## College Algebra (11th Edition)

The parent function is $f(x)=(\frac{1}{3})^x$ (with green) the given function is $g(x)=-(\frac{1}{3})^{-x}$ (with blue). The parent function can be graphed by calculating a few coordinates and connecting them with a smooth curve: $f(-2)=(\frac{1}{3})^{-2}=9$ $f(-1)=(\frac{1}{3})^{-1}=3$ $f(0)=(\frac{1}{3})^0=1$ $f(1)=(\frac{1}{3})^1=\frac{1}{3}$ $f(2)=(\frac{1}{3})^2=\frac{1}{9}$ For every corresponding x-value the following equation is true: $-f(-x)=g(x)$ This means that the graph is reflected across both the x-axis and the y-axis. First, the reflection across the y-axis. We only consider the g(x) function as $g'(x)=\frac{1}{3}^{-x}$ For every corresponding x-value the following equation is true: $f(x)=g'(-x)$ This means that the graph is reflected across the y-axis. Because when f(x)=g'(x), the g'(x) function acts like the f(x).
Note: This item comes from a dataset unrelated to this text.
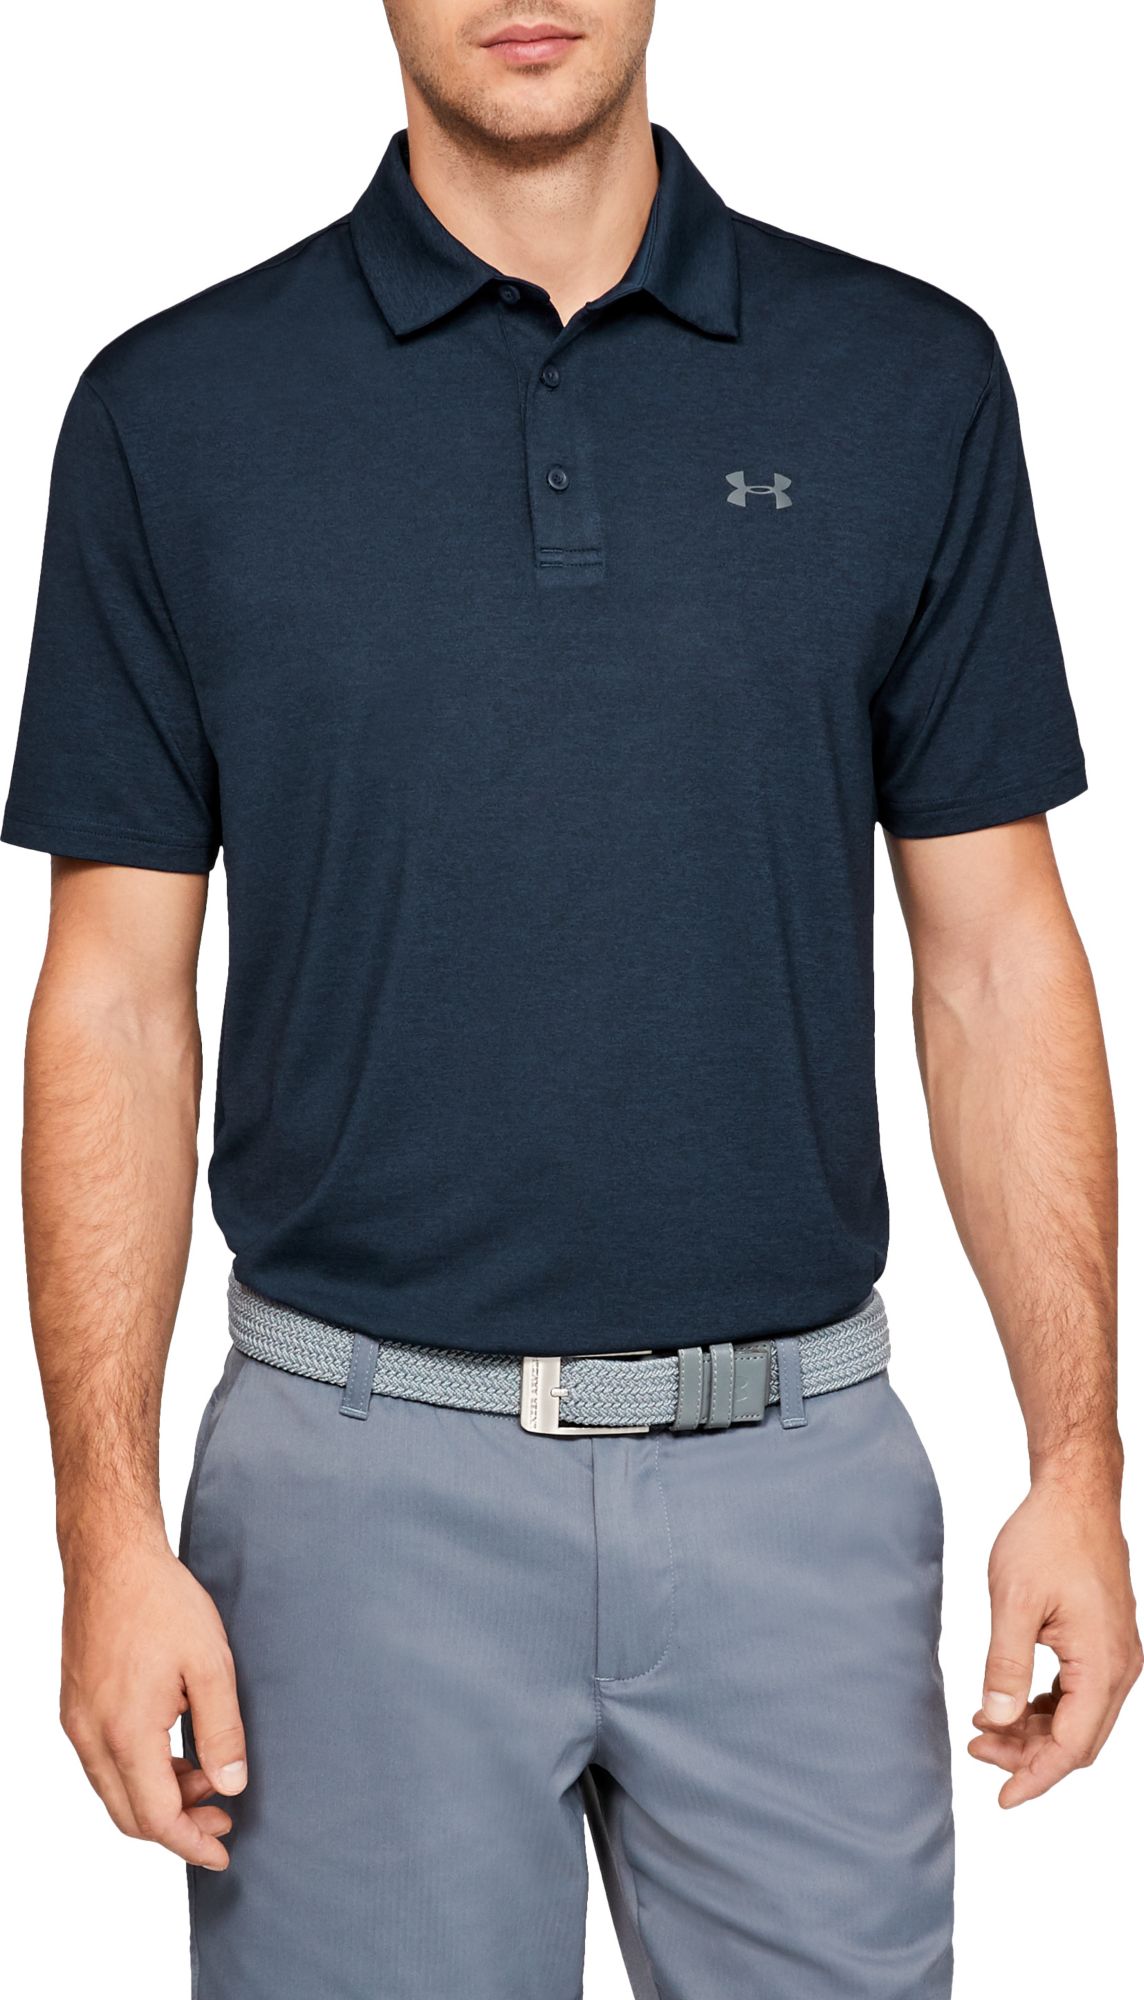 under armour mens golf shirts on sale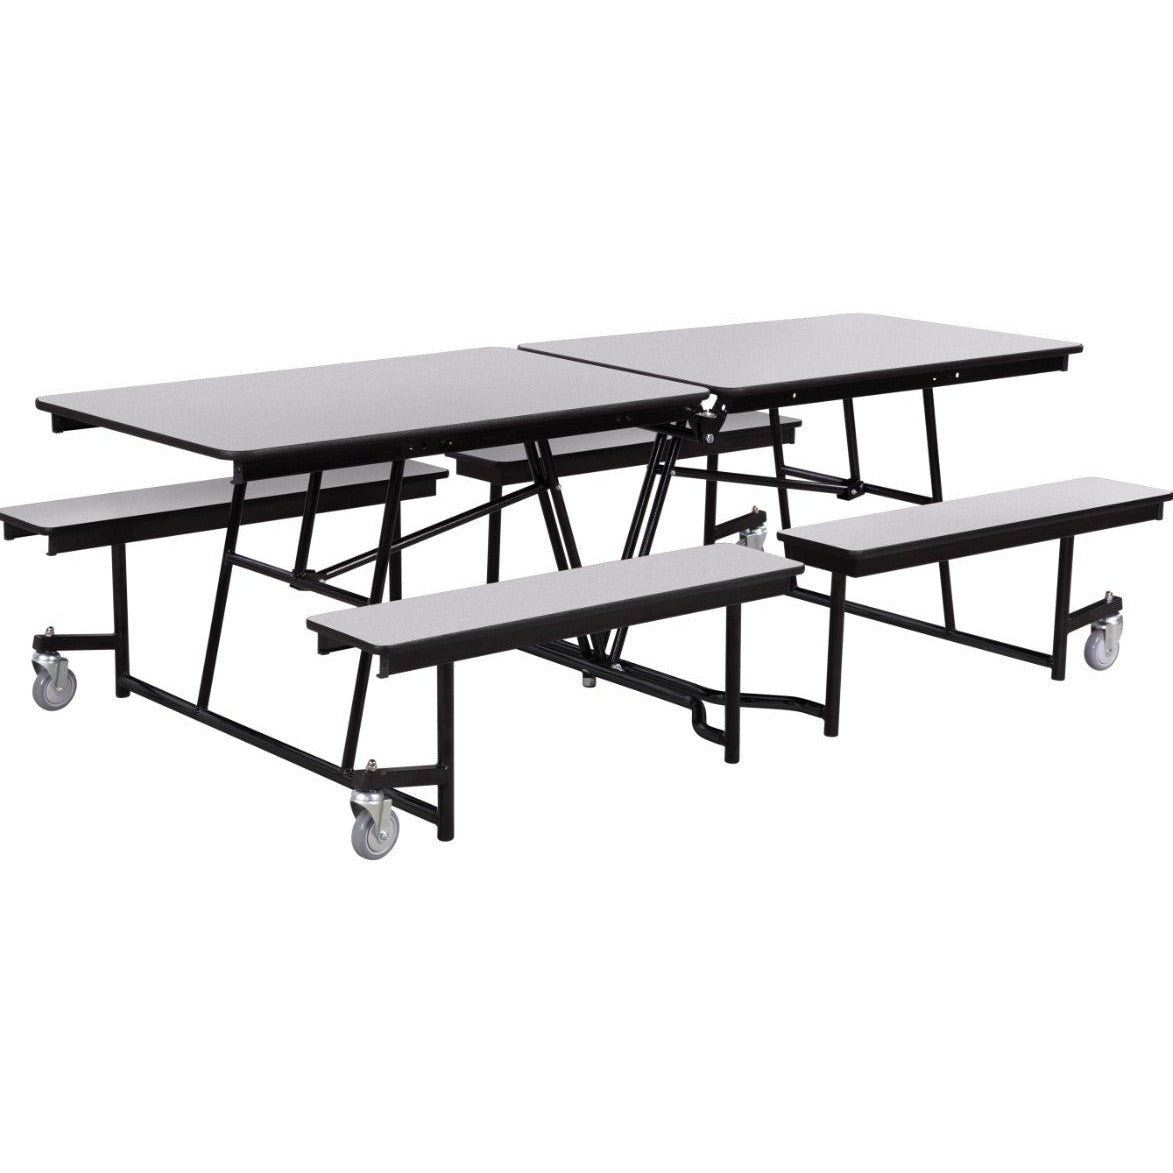 NPS Bench Cafeteria Table - 12' - MDF Core - ProtectEdge - Black Powdercoating Frame - Grey Nebula Table Top - Grey Nebula Bench

For example if $f(-1)=3$ in the original $f(x)$, this will be equal to $g'(1)=f(-1)=3$. Here,$f(-1)=g'(1)$ also, $f(-2)=g'(2)$ We can see that here, each point in the parent function was reflected across the y-axis. Second, the reflection across the x-axis. Now, the following equation is true: $-g'(x)=g(x)$ Every $g'(x)$ value will be multiplied by (-1). For example if $g'(1)=3$, this will be translated as $g(1)=-g'(1)=-3$. Also, $g(2)=-g'(2)=-9$ We can see that here, every $g'(x)$ is multiplied by (-1), therefore g'(x) is reflected across the x-axis.)